I like gadgets and wax my car twice a year so thought a polishing machine would be a nice addition to my gadgets.
Had a look in all the usual places like ebay, online stores etc and see they vary in price by extroadinary amounts.
Noticed also some were orbital, some random orbital, some spin, some fit in the palm of your hand, others were 2 handed and some even looked like an anglegrinder !
I quite like the idea of one that fits in your palm and bearing in mind Im not a pro doing it for a living surely don't need to tell her to spend a fortune?
Any tips? or perhaps recommendations?
(My car is a Tuscan if that makes any difference)
Thanks
Been struggling to think of presents to get from the other half.
I like gadgets and wax my car twice a year so thought a polishing machine would be a nice addition to my gadgets.
Had a look in all the usual places like ebay, online stores etc and see they vary in price by extroadinary amounts.
Noticed also some were orbital, some random orbital, some spin, some fit in the palm of your hand, others were 2 handed and some even looked like an anglegrinder !

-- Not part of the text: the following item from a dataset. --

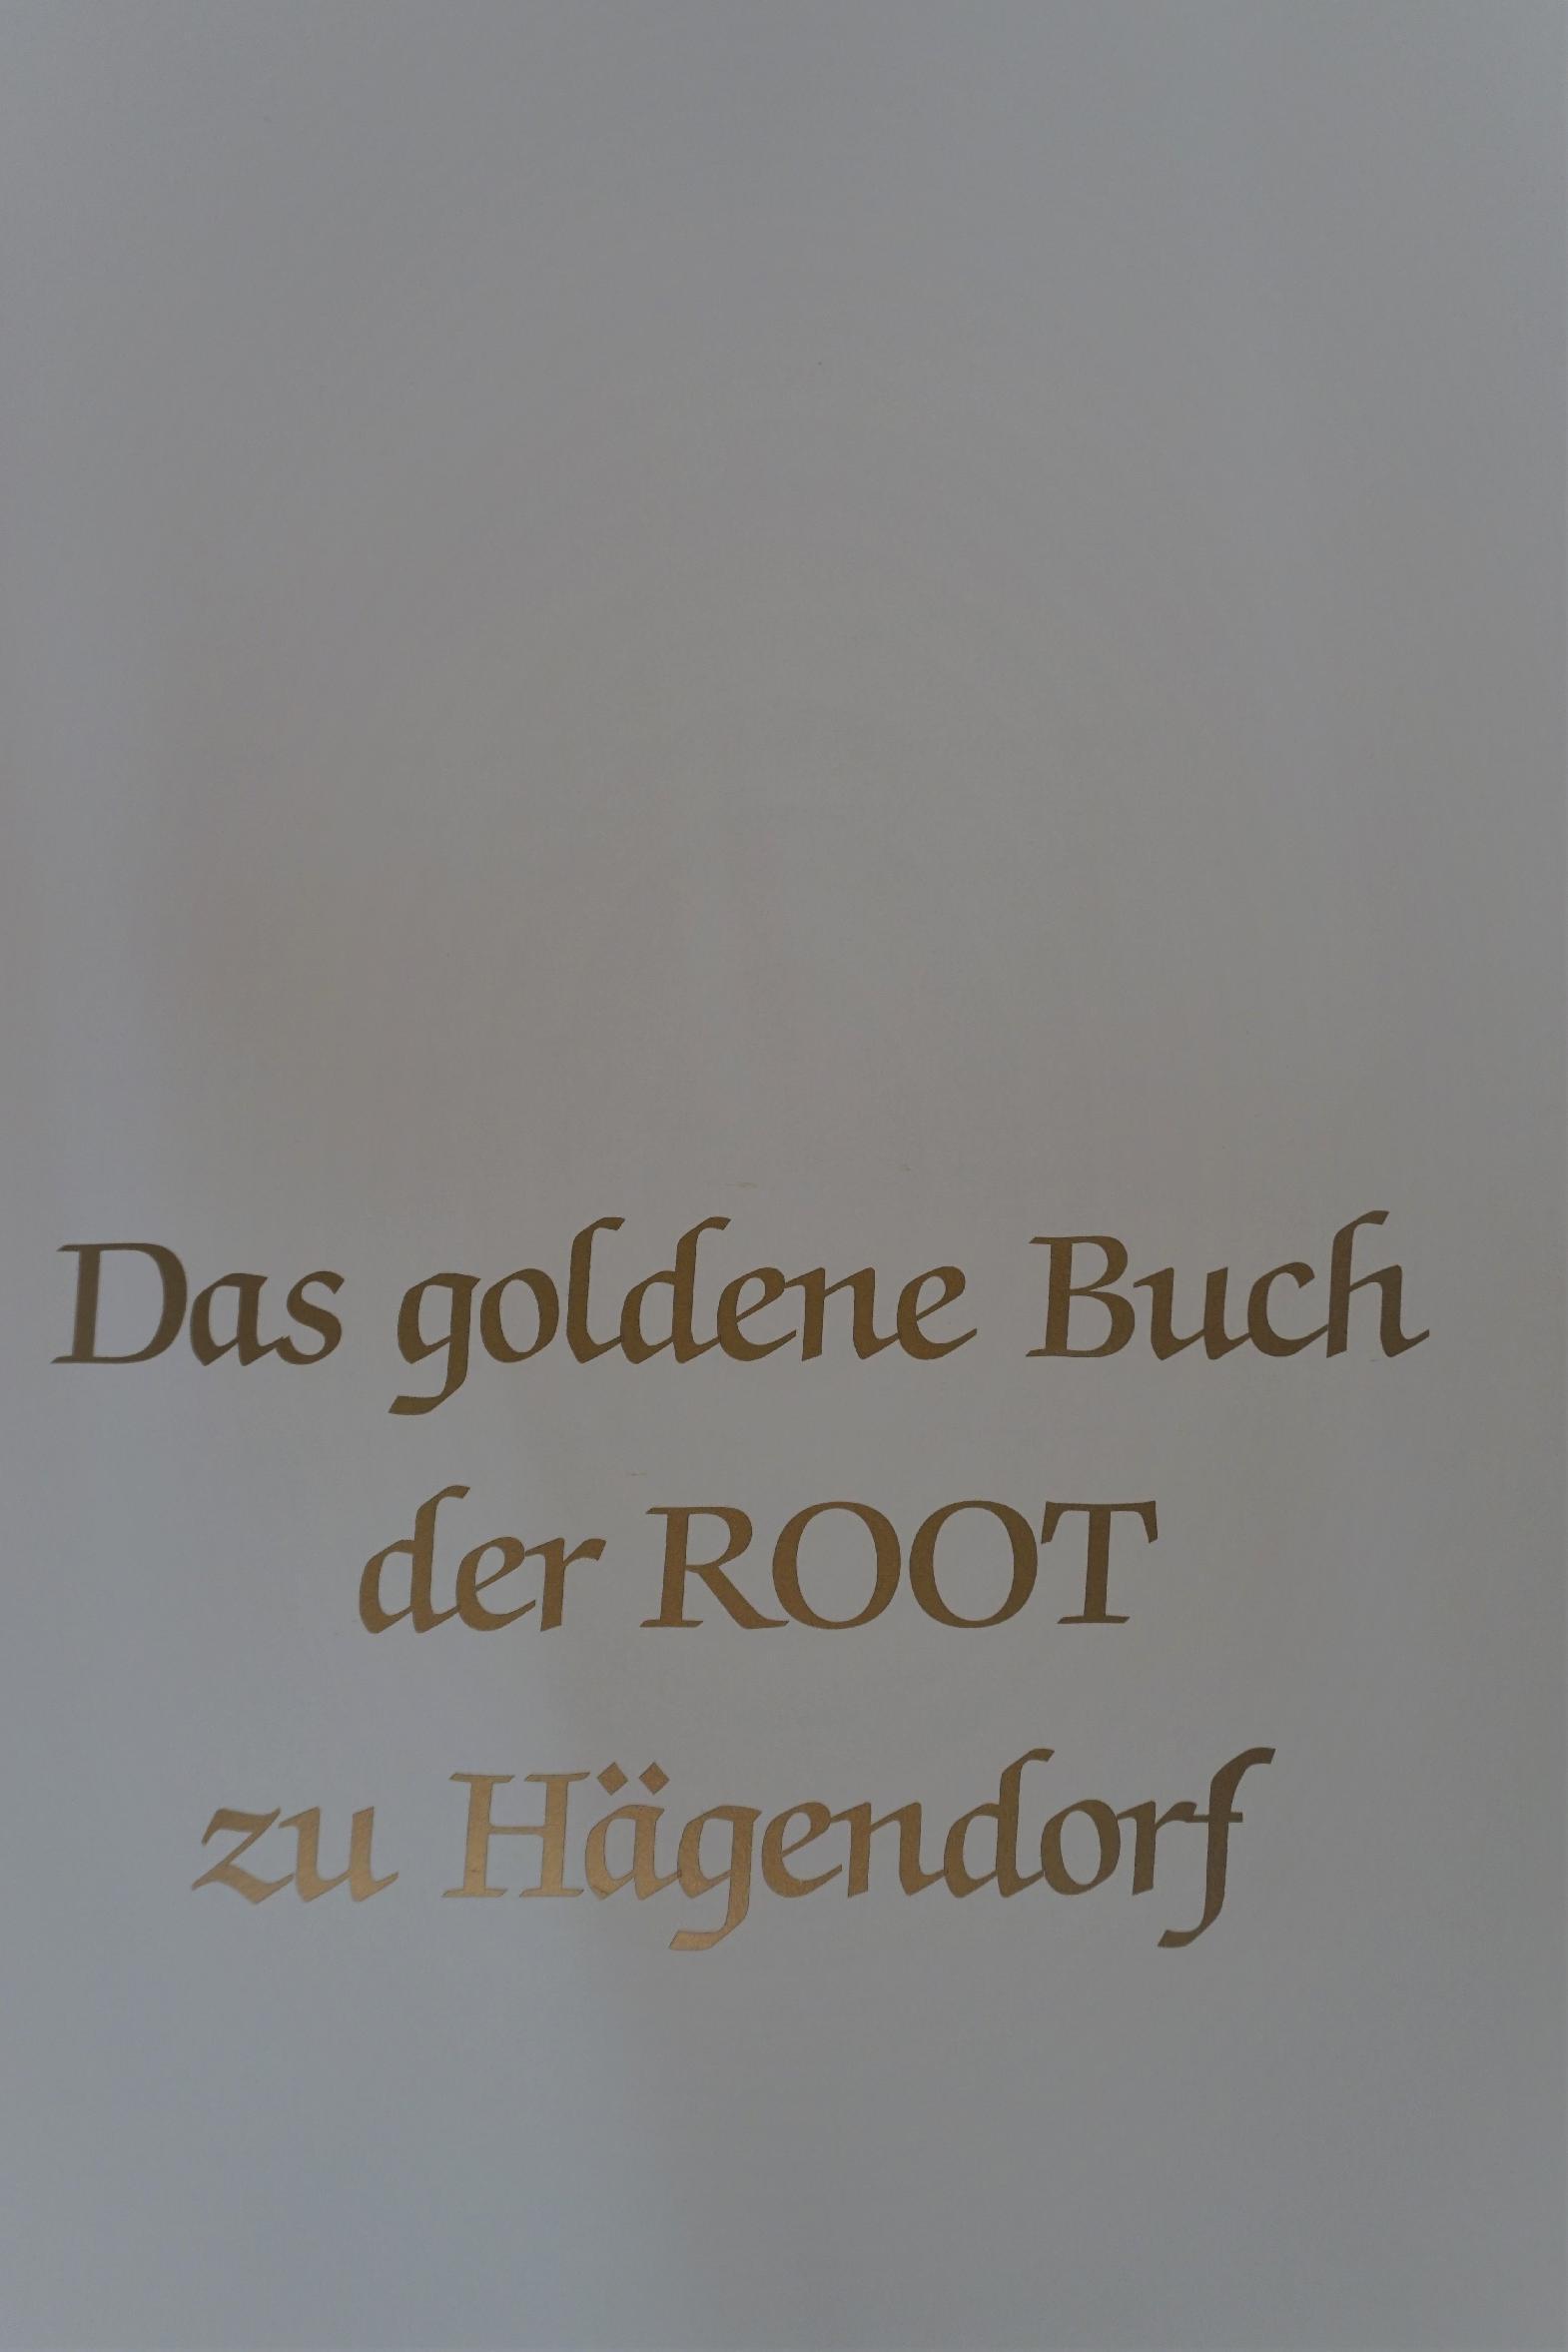 Das goldene Buch der Root zu Hägendorf

I quite like the idea of one that fits in your palm and bearing in mind Im not a pro doing it for a living surely don't need to tell her to spend a fortune?
Any tips? or perhaps recommendations?
(My car is a Tuscan if that makes any difference)
Thanks
Depends on what your using it for. I'm assuming you are looking for something that will apply glazes or cleaners like lime prime and generally buff things up a little.
Definitely go for a random orbital machine as they do not build up heat like a rotary and you are much less likely to cause lasting damage. Stick to soft finishing pads and very fine polishes if any as remember you are removing depth every time you polish.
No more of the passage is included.